Теперь въ Астрахани было много затѣйливо выкрашенныхъ ставней у слободскихъ домовъ, которые свидѣтельствовали о временномъ прилежаніи и даже искусствѣ временнаго живописца Лучки. Изъ этихъ ставней выглядывали на прохожихъ и яблоки, и арбузы, и рыбы, и всякіе узоры, яркія хитросплетенныя краски, въ родѣ тѣхъ, что бываютъ на персидскихъ коврахъ.

Но всякое ремесло было прихотью, которая занимала Лучку запоемъ, и восколько онъ любилъ новую затѣю въ продолженіи нѣсколькихъ недѣль, востолько же ненавидѣлъ ее послѣ. Теперь, несмотря на безденежье, какія бы золотыя горы ни предлагалъ кто Лучкѣ, чтобы расписать ставни, онъ отвѣтилъ бы одной бранью.

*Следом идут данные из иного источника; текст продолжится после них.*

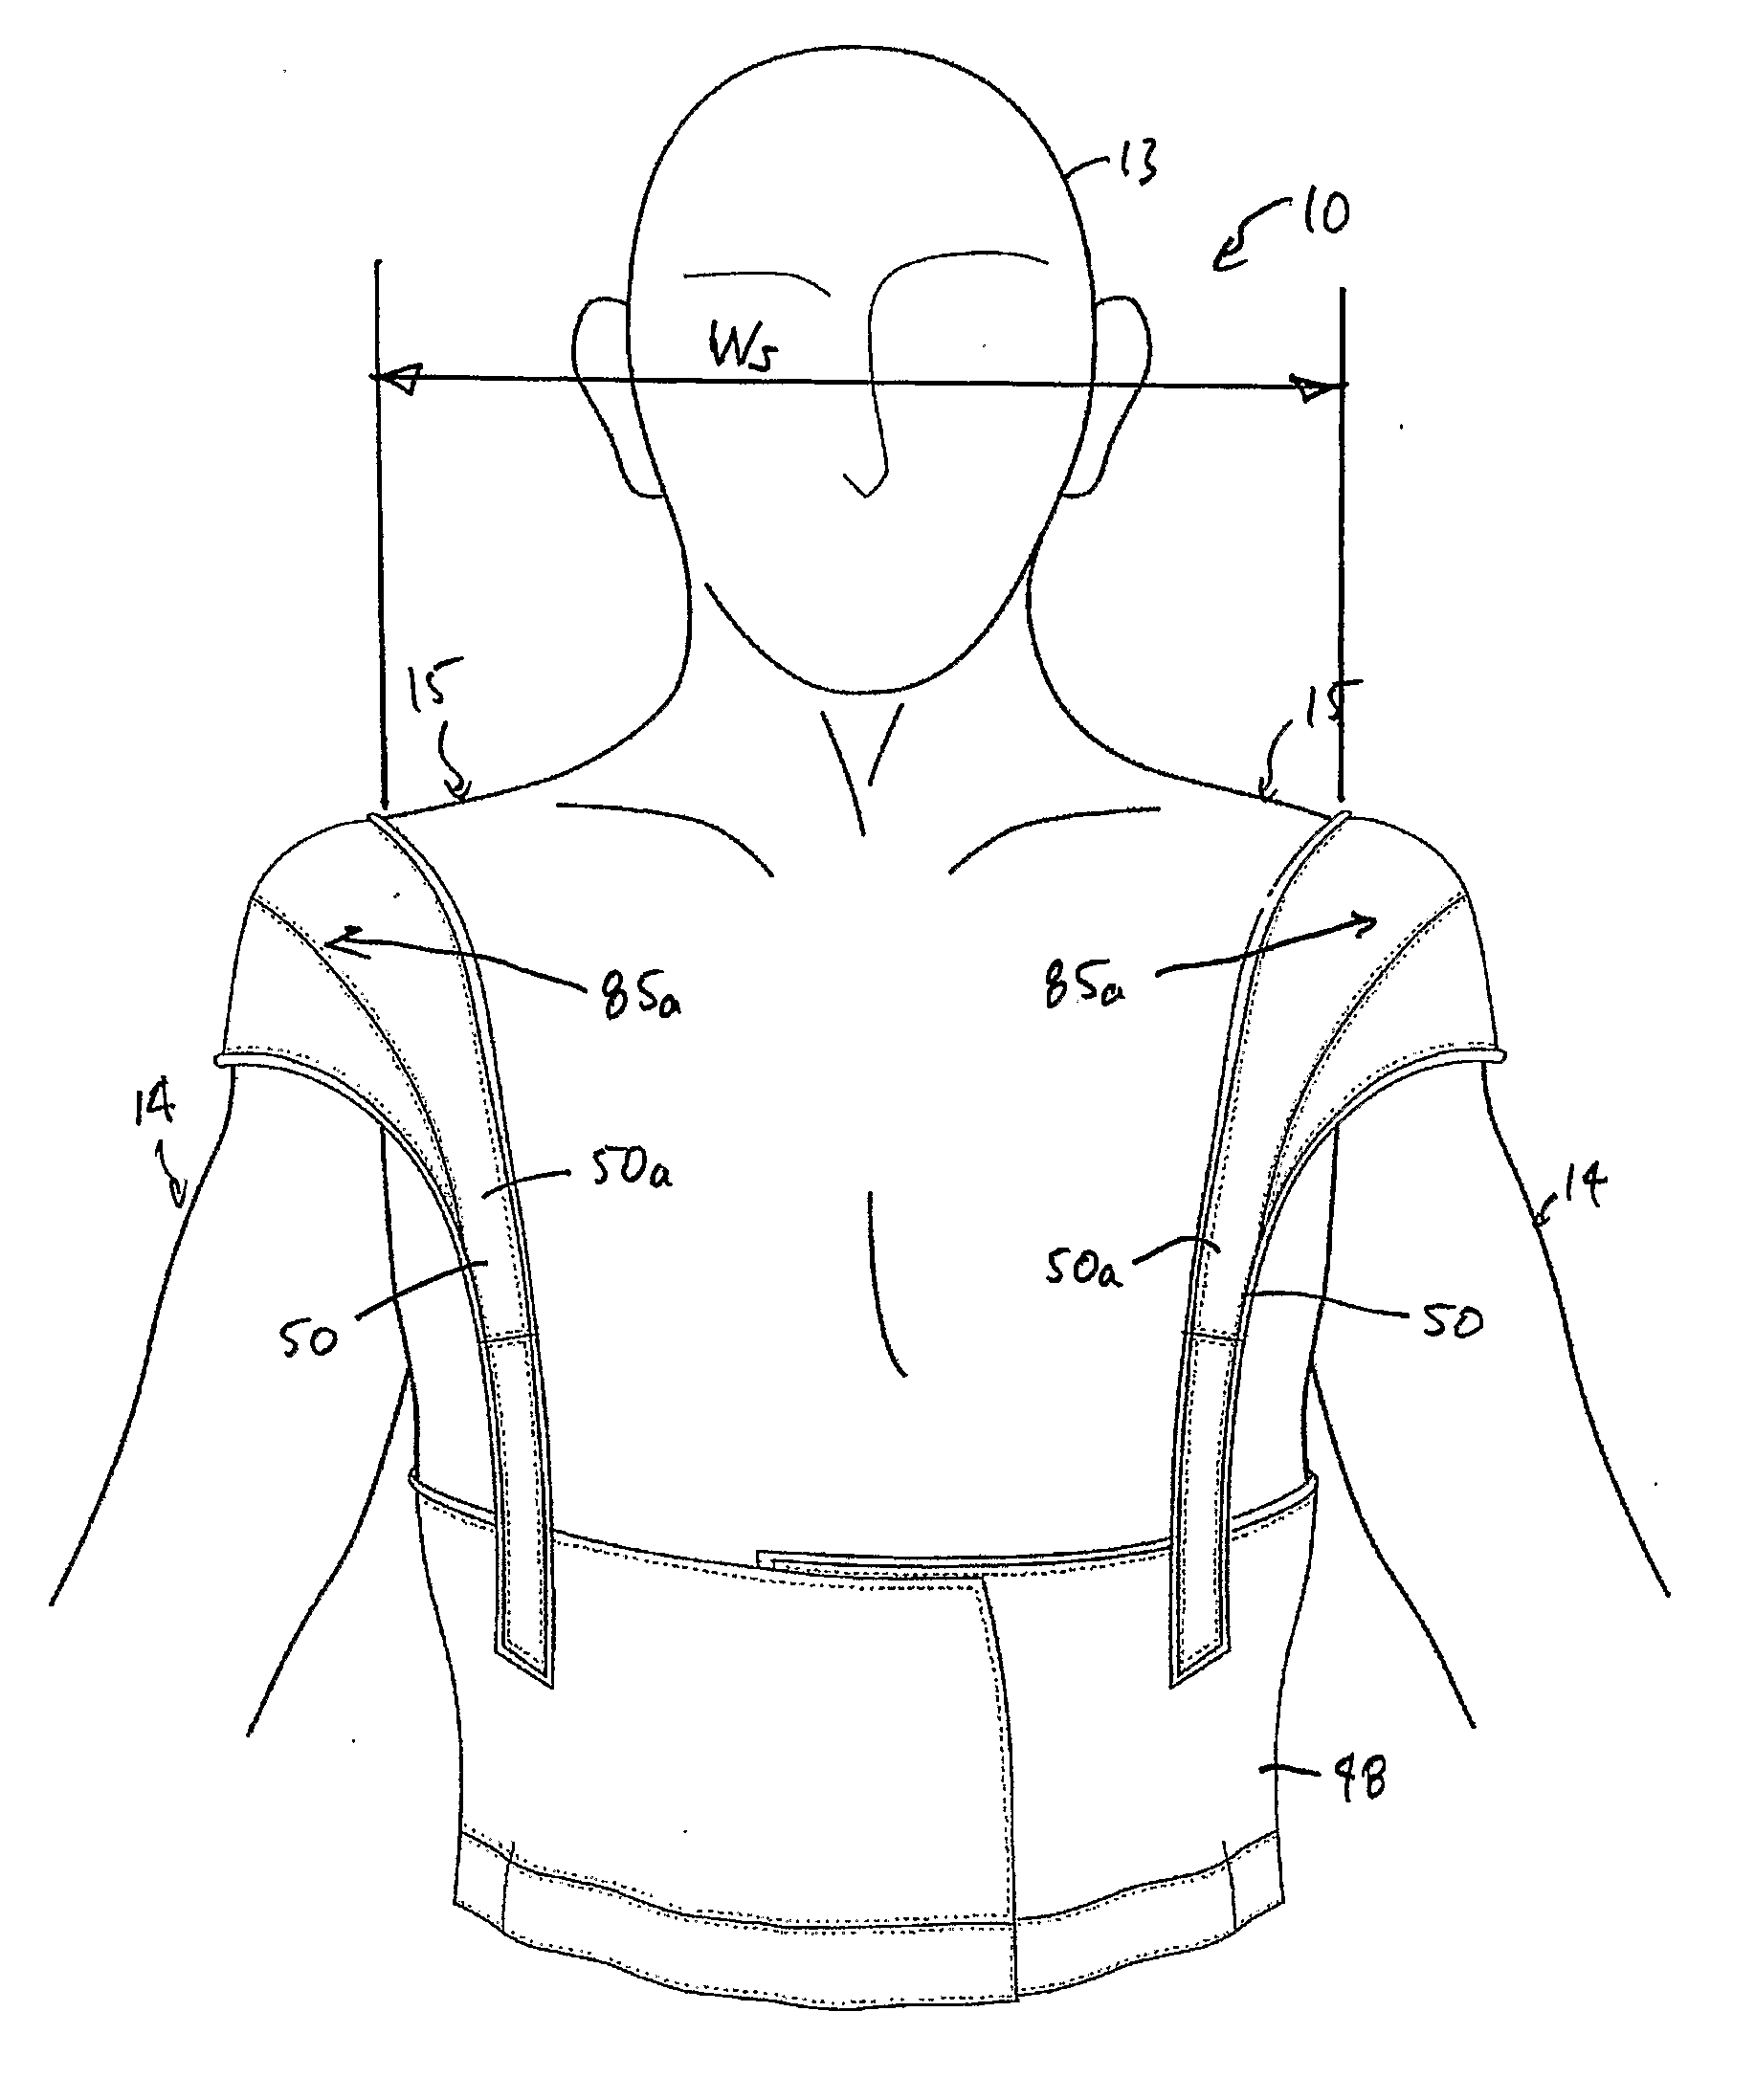 Posture Support Device

Къ тому же, странное дѣло, онъ и не могъ бы «живописать» теперь. Онъ бы не съумѣлъ, хотя бы и постарался, даже приблизительно, сработать такъ красками и мазкомъ, какъ безъ труда и усилій потрафлялось тогда.

Однажды Лучка пропалъ изъ Астрахани. Его считали погубившимъ себя, утонувшимъ иль зарѣзаннымъ въ степи ногаями, киргизами. Но потомъ оказалось, что Лучка нанялся въ ямщики около Красноярска къ юртовскимъ Татарамъ, которые содержали ямъ или почтовое сообщеніе Астрахани съ городами Волги и Украйны.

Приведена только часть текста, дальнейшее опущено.